### Source data:

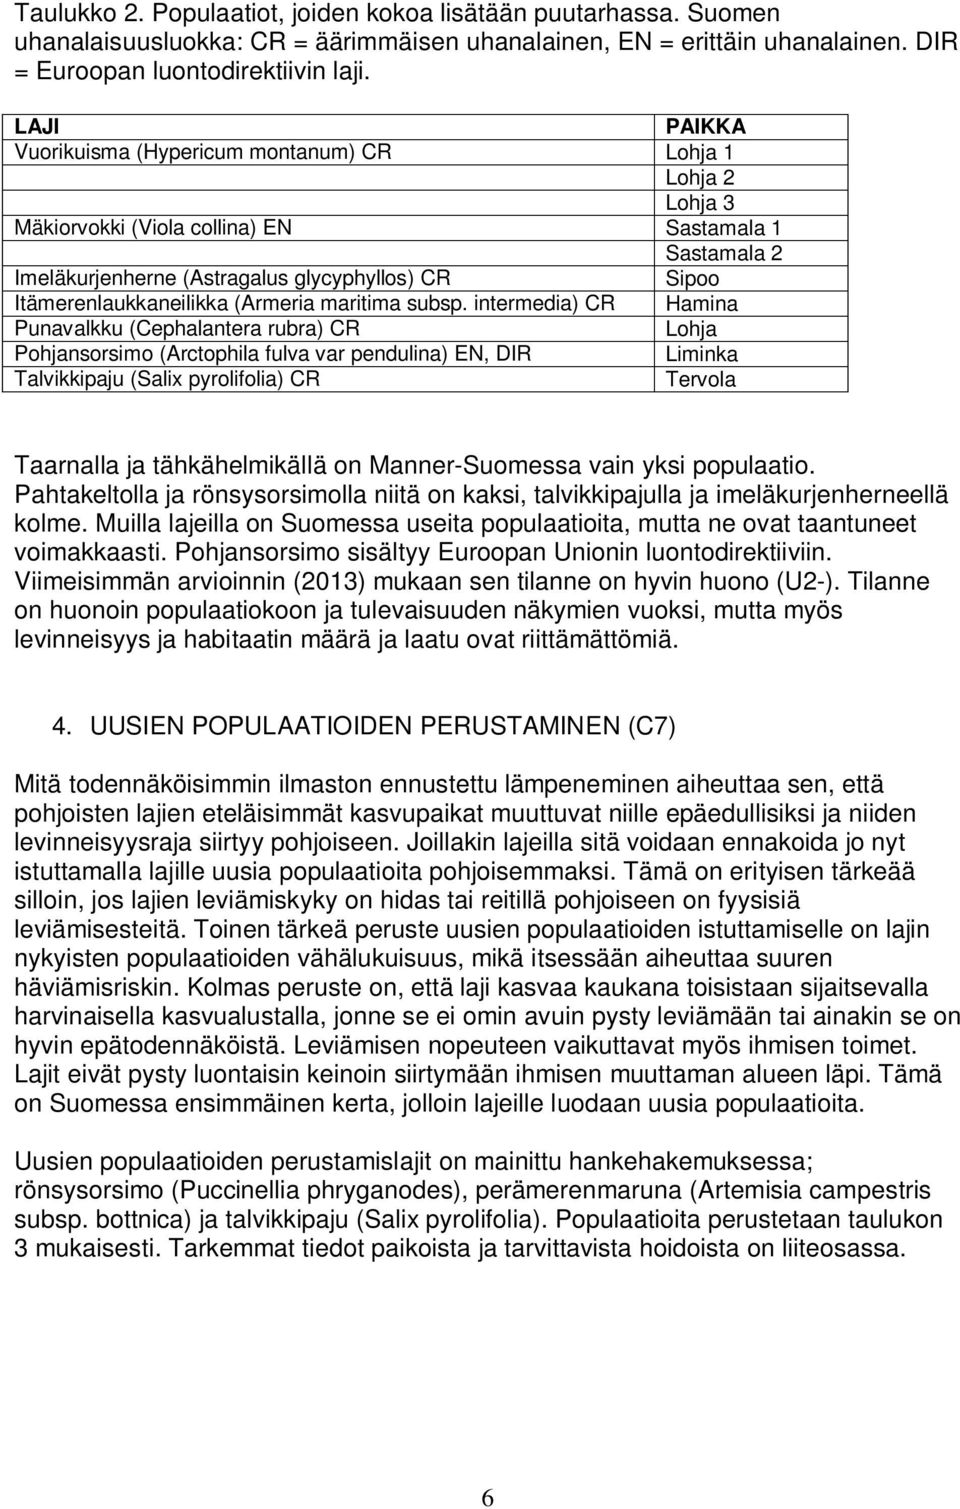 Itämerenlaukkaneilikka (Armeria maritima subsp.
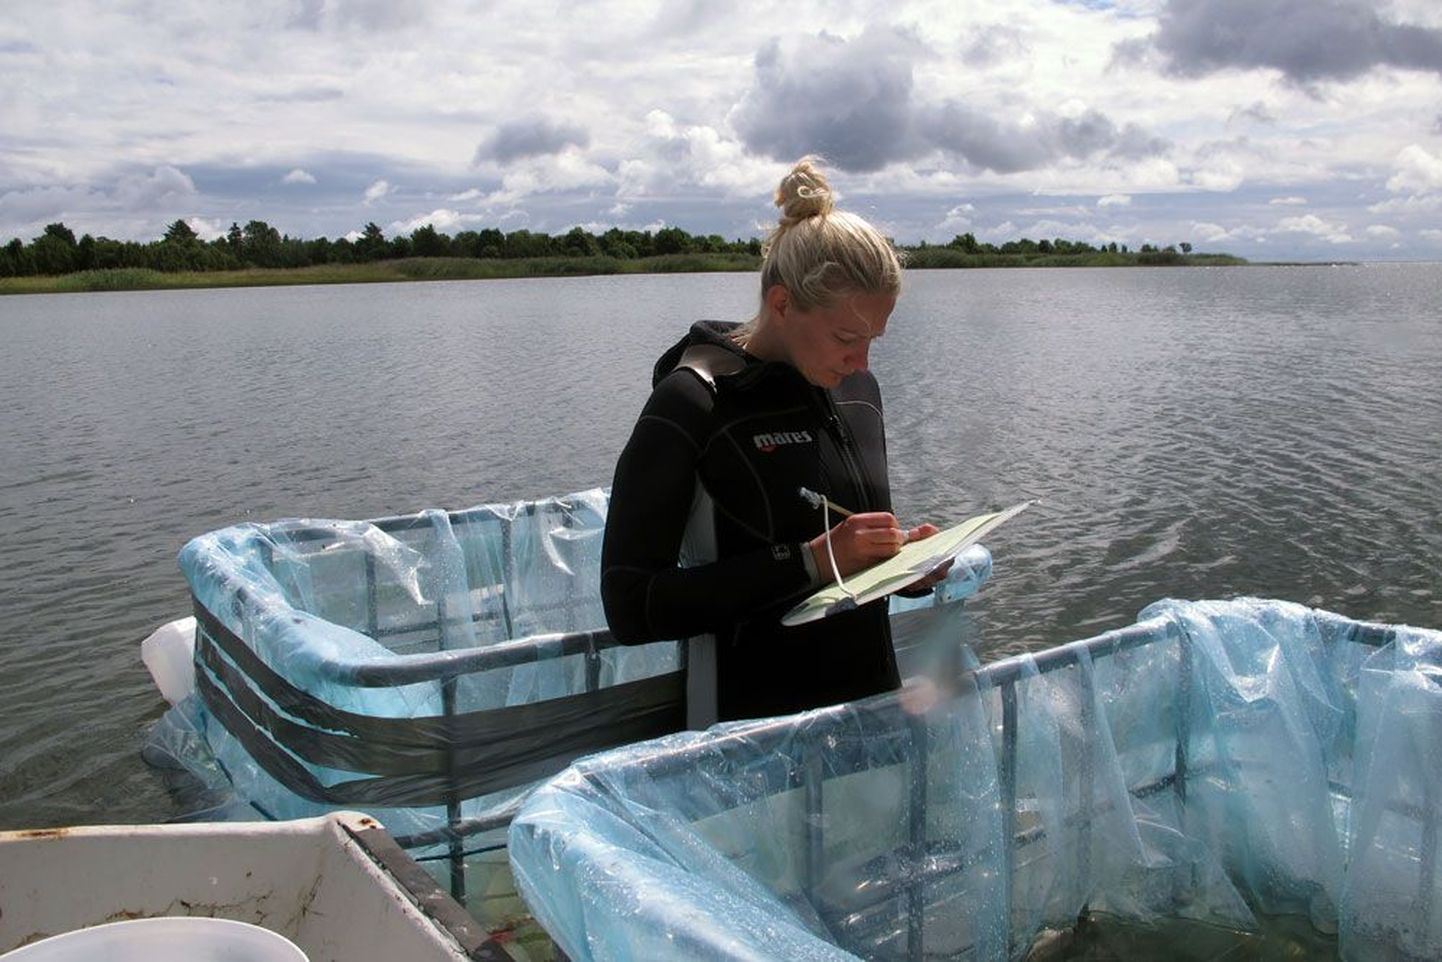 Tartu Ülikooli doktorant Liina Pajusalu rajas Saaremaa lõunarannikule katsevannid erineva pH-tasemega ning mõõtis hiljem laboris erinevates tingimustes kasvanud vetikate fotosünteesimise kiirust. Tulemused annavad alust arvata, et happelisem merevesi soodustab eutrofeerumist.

* * *

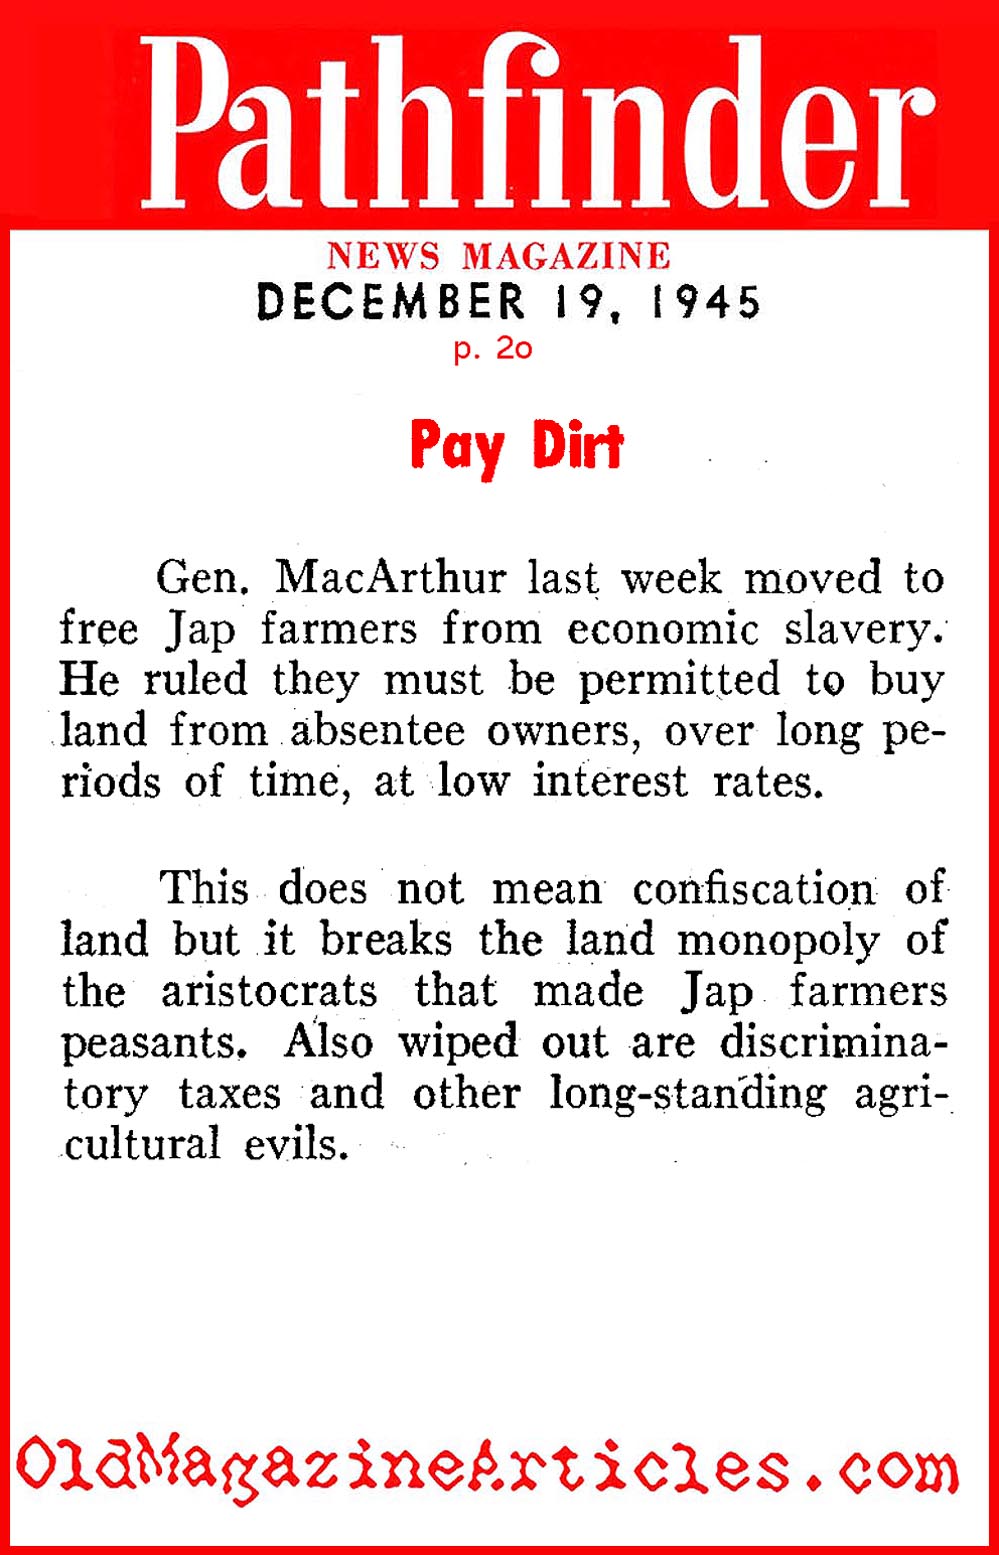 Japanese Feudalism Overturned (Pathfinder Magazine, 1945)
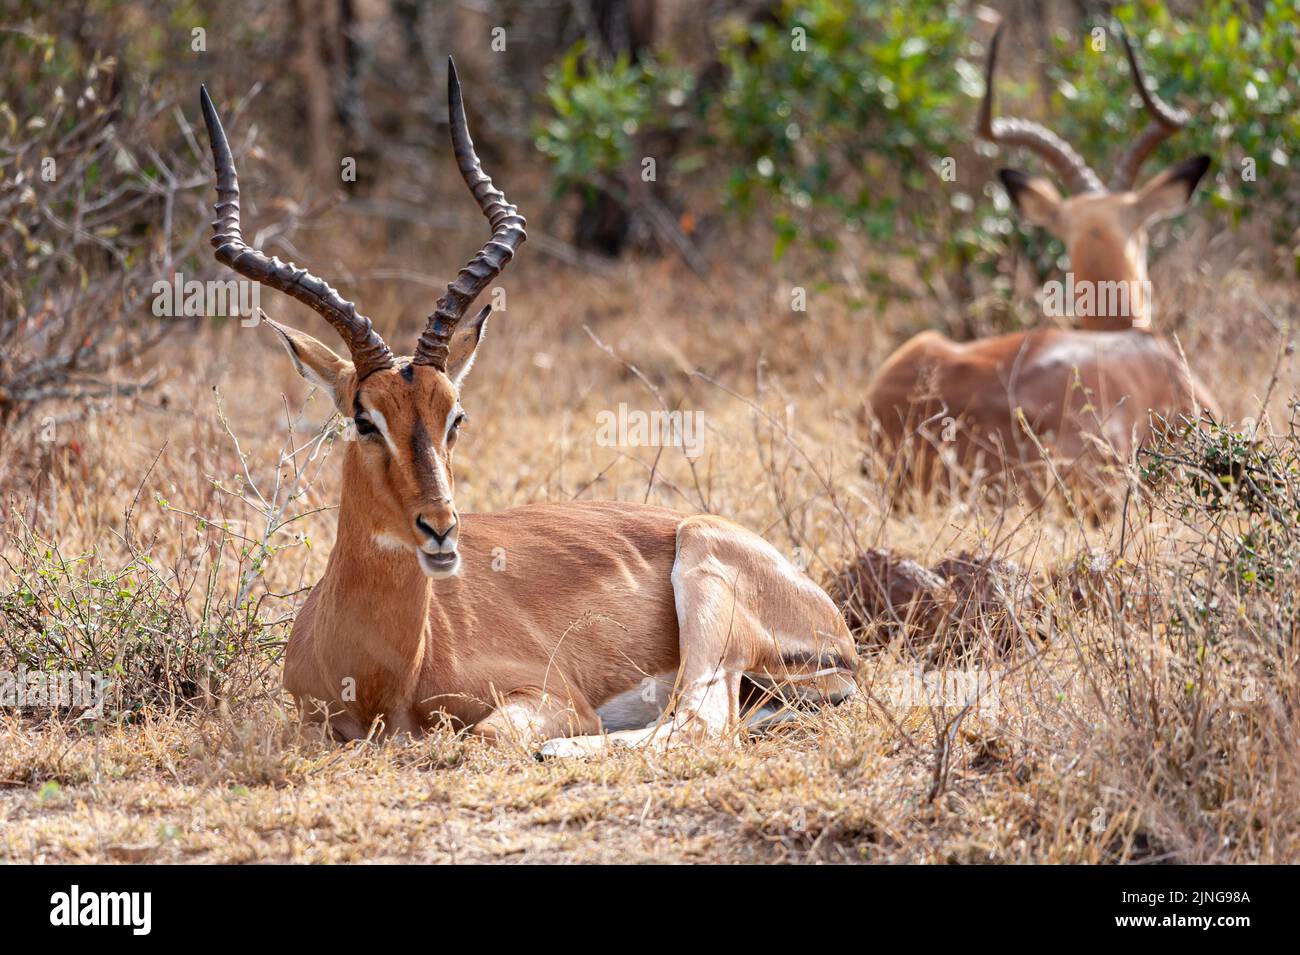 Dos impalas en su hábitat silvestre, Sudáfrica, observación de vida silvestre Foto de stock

* * *

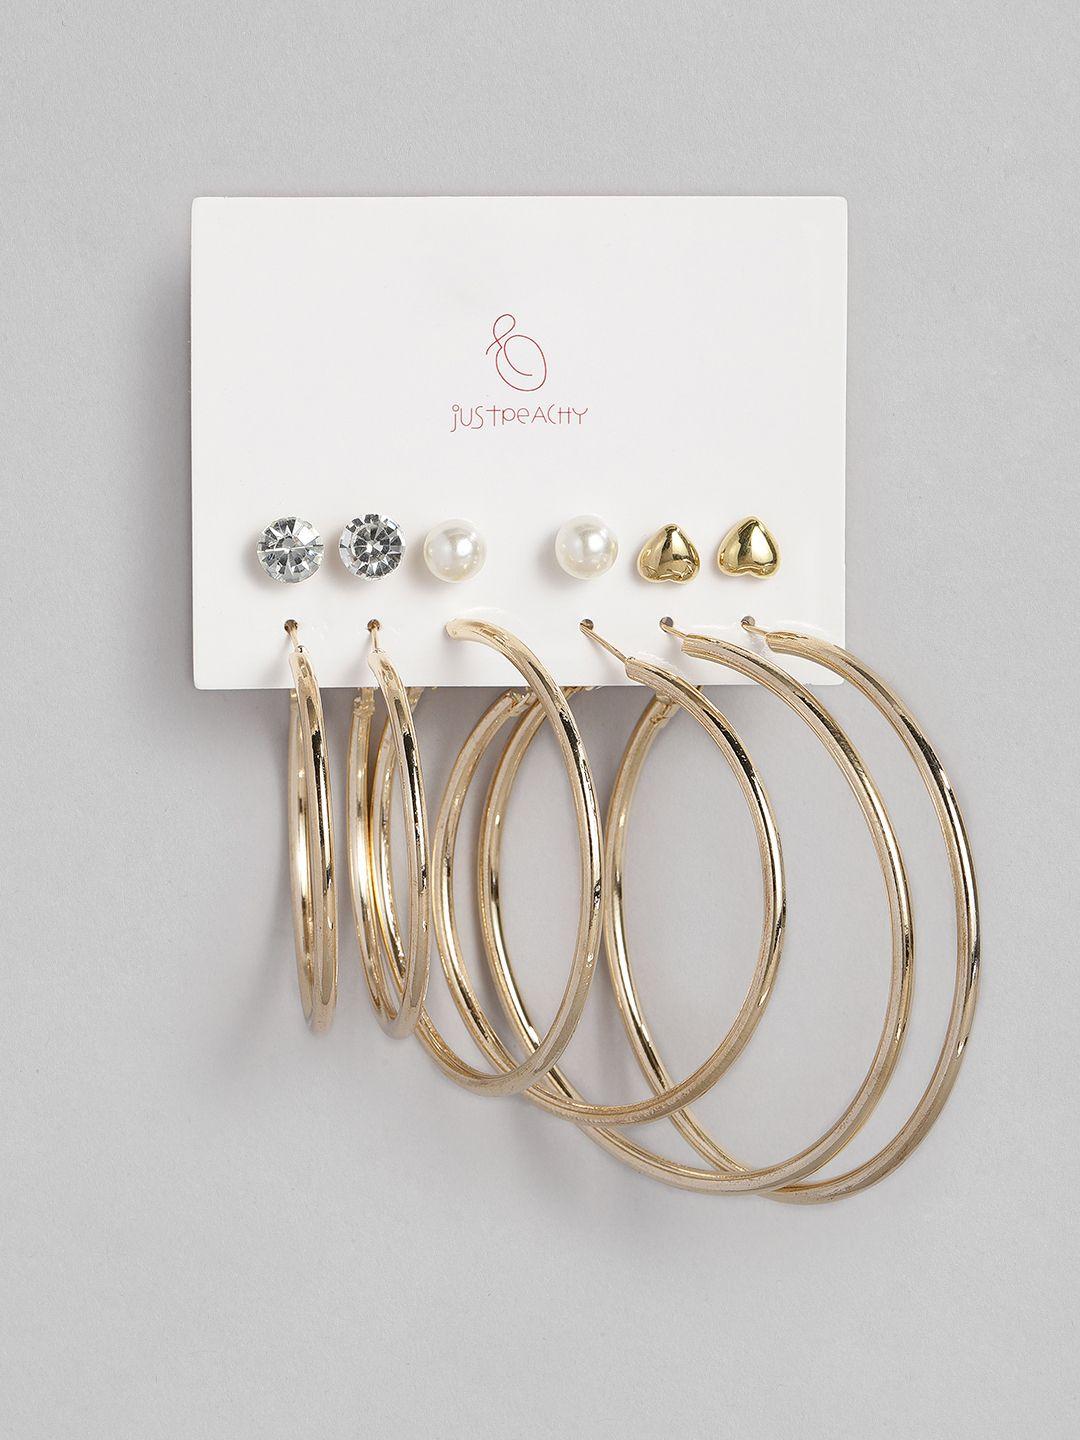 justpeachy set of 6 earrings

### Task requirements:
Above are records with pictures. Reproduce exactly only the lines from the line with "Itämerenlaukkaneilikka (Armeria maritima" through the line with "Tartu Ülikooli doktorant", both ends included, and leave the pictures out.

### Exercise response:
 Itämerenlaukkaneilikka (Armeria maritima subsp.
 Tartu Ülikooli doktorant Liina Pajusalu rajas Saaremaa lõunarannikule katsevannid erineva pH-tasemega ning mõõtis hiljem laboris erinevates tingimustes kasvanud vetikate fotosünteesimise kiirust. Tulemused annavad alust arvata, et happelisem merevesi soodustab eutrofeerumist.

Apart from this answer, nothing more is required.